Building Capacity – The Architecture of Data Science
Data Science is attracting attention. Across the world, the need to marry the nuances of statistics with the discipline of programming is recognised as key to improving customer service and keeping pace with changes in markets.
A survey in 2016 concluded that 80% of Data Science is preparing and cleansing data (the 80/20 rule). That survey of Data Scientists became perceived wisdom and a widely recognised problem statement for Data Science.
This is a key issue for any implementation of Data Science. How to provide an architecture that works to minimise this problem is at the heart of any decision made.
From a Data Scientist perspective, it’s not important what actual technology is employed. This is because the models and algorithms that are used are defined mathematically. Therefore, the trusted source of truth is the mathematical definition of the algorithm.
However, for non-functional requirements, this is not as straightforward. For example, the availability and cost of experts for a certain programming language and technology varies heavily. When it comes to maintenance, the chosen technology has a major impact on a project’s success.
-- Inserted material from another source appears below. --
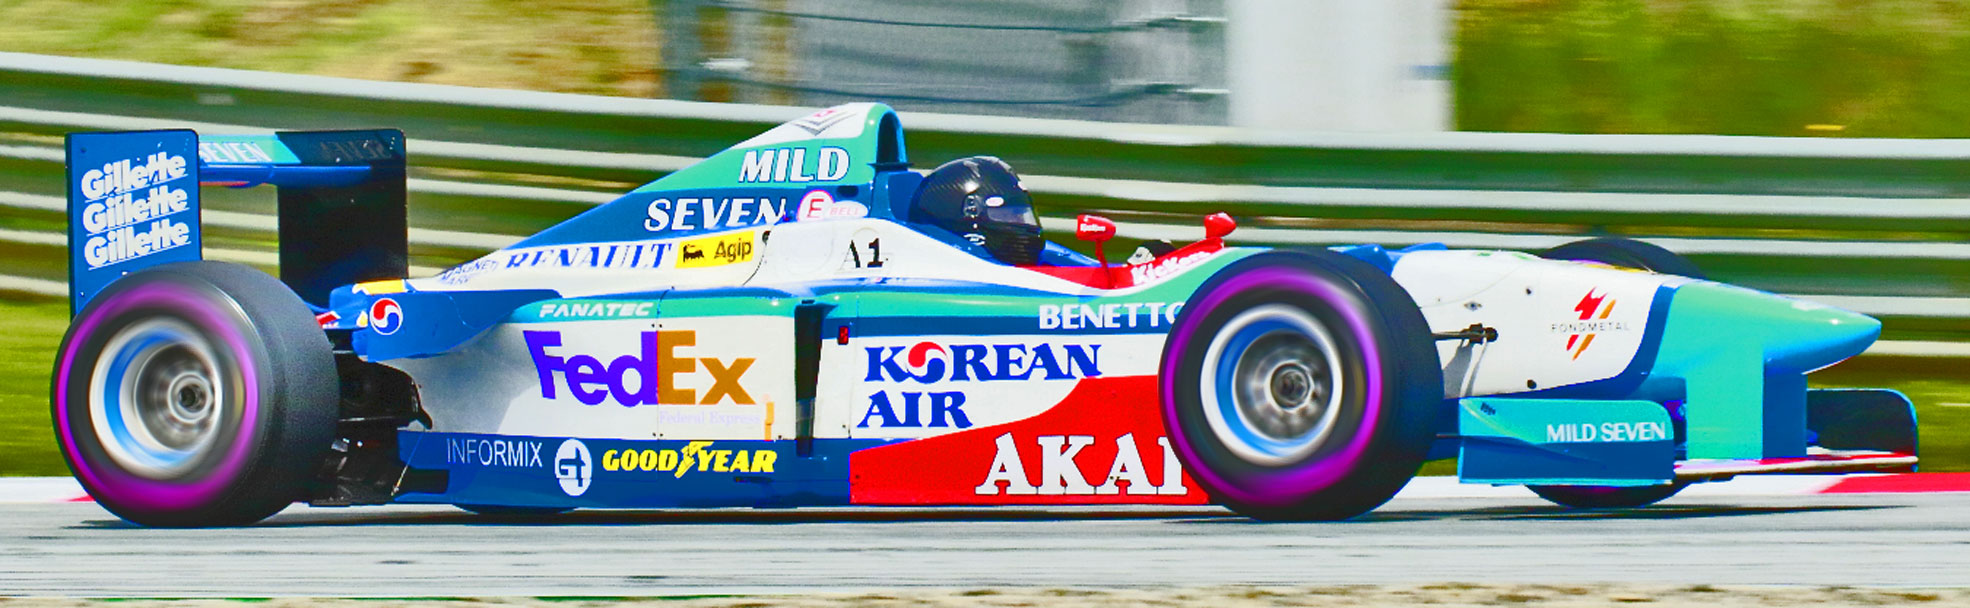 Benetton B197 - F1

Therefore, the challenge is to provide a platform with high interoperability at minimum cost. Choices over selecting a stack of technology by the same vendor as opposed to bringing in “best in class” products for specific functions have to be keenly evaluated.
The benefits of a stacked approach should outweigh those cons of employing separate systems that will need further work to make them integrated.
Another challenge of Data Science tooling is around how to productionise systems and processes where there is a high proportion of proof of concept (PoC) working or hackathons. When it comes to industrialisation and enterprise projects, architectural guidance on technology usage must be in place.
Data scientists are great innovators. They are usually able to rapidly progress to a solution without necessarily having non-functional requirements (NFRs) such as scalability and maintainability in mind. Therefore, there is a need for an architectural framework to underpin their work and ensure that NFRs are properly addressed.
Data science can work well with Agile methods of project management. Prototyping and rapid development means that the discipline can flourish within an Agile environment.
Sounds interesting? At Nationwide Building Society, we are invested in listening to our members and making changes to improve our service to them. This can be amazingly rewarding. Being able to save members time and money is key to what we do.
Data Scientists find insight and, at Nationwide, we are enriching our data enabled capability, with Data Scientists supporting the ways in which we can make our service to members even better and reduce our costs in the process.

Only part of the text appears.